RECORDED DATA:
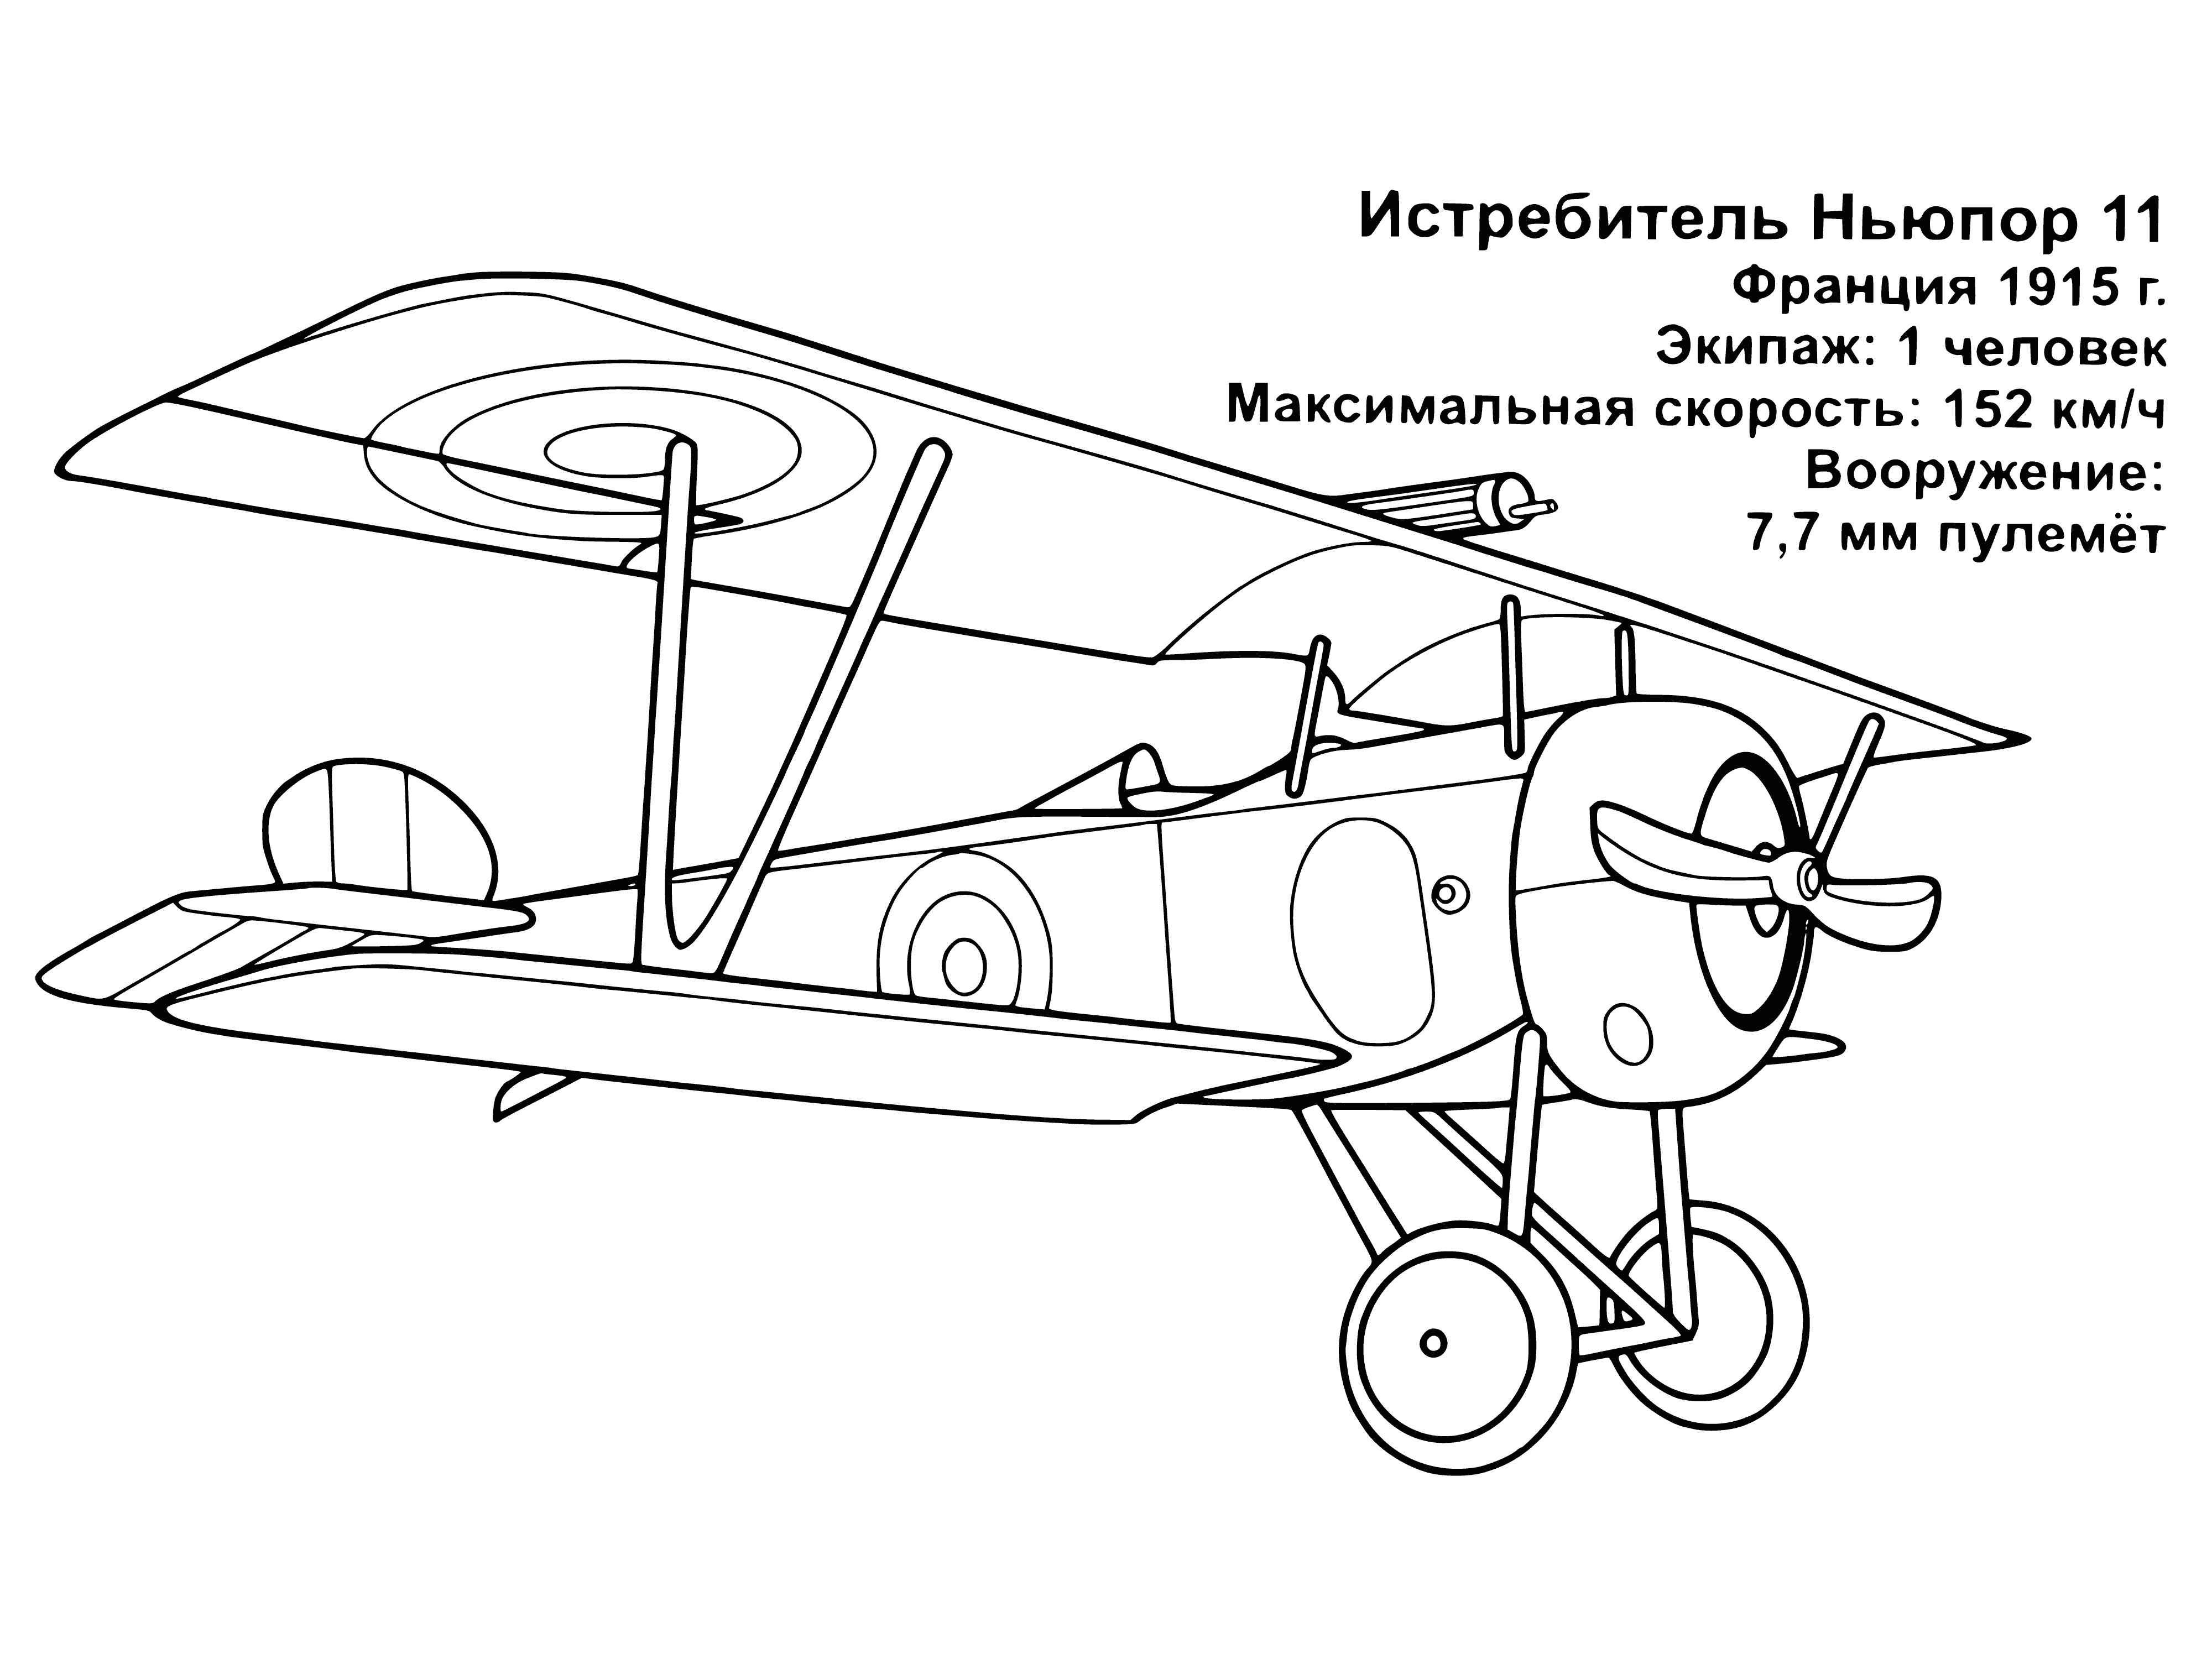 coloring page: Coloring page of a 1915 French fighter plane with single prop, wings, 2 sets of double vertical stabilizers, 2 sets of wheels, & 2 machine guns mounted at the front.
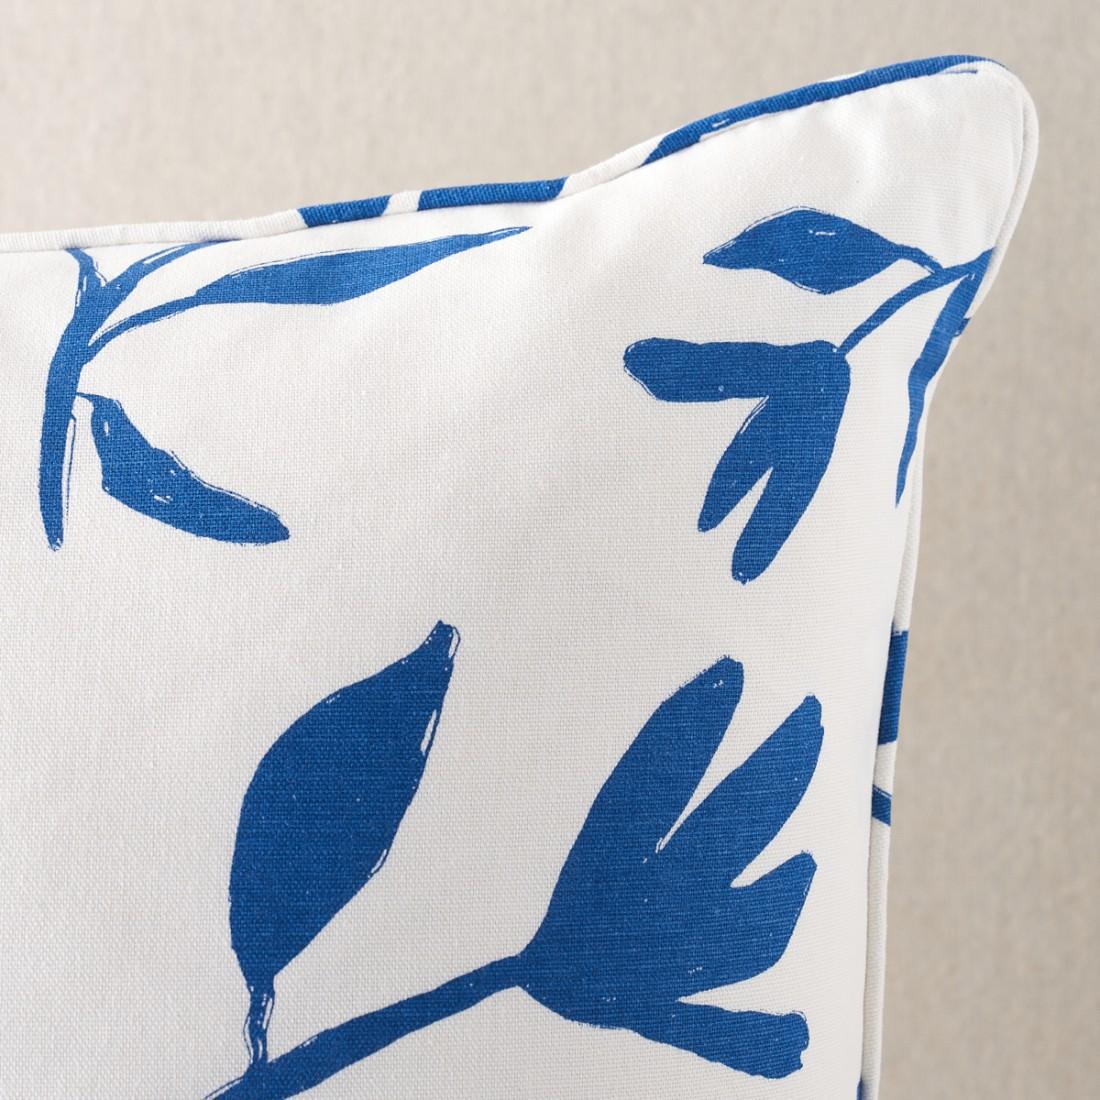 This pillow features Laurel with a knife edge finish. Laurel is a lovely loose botanical fabric design that features painterly, floating silhouettes of small leafy sprigs. Screen-printed on a soft cotton-linen union cloth ground, this allover
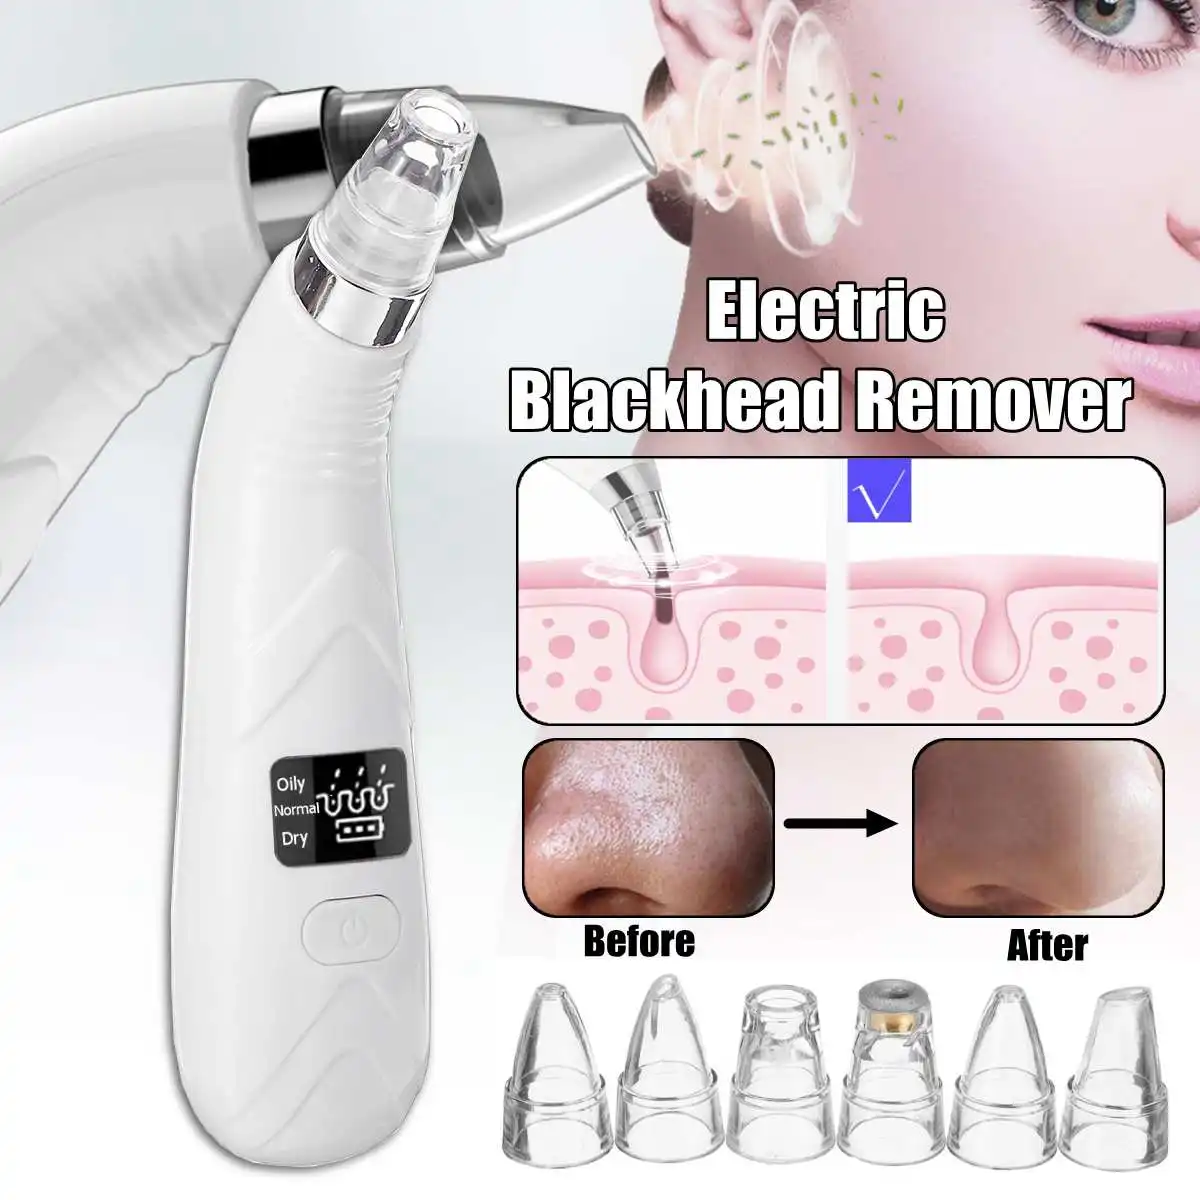 

3 Gears USB Electric Face Cleanser Vacuum Pore Cleaner Facial Skin Care Blackhead Remover +6 Cosmetology Heads

WHAT YOU ARE ASKED TO DO: Give the data again exactly. Keep the images out.

ANSWER SECTION:
 coloring page: Coloring page of a 1915 French fighter plane with single prop, wings, 2 sets of double vertical stabilizers, 2 sets of wheels, & 2 machine guns mounted at the front.
 This pillow features Laurel with a knife edge finish. Laurel is a lovely loose botanical fabric design that features painterly, floating silhouettes of small leafy sprigs. Screen-printed on a soft cotton-linen union cloth ground, this allover

3 Gears USB Electric Face Cleanser Vacuum Pore Cleaner Facial Skin Care Blackhead Remover +6 Cosmetology Heads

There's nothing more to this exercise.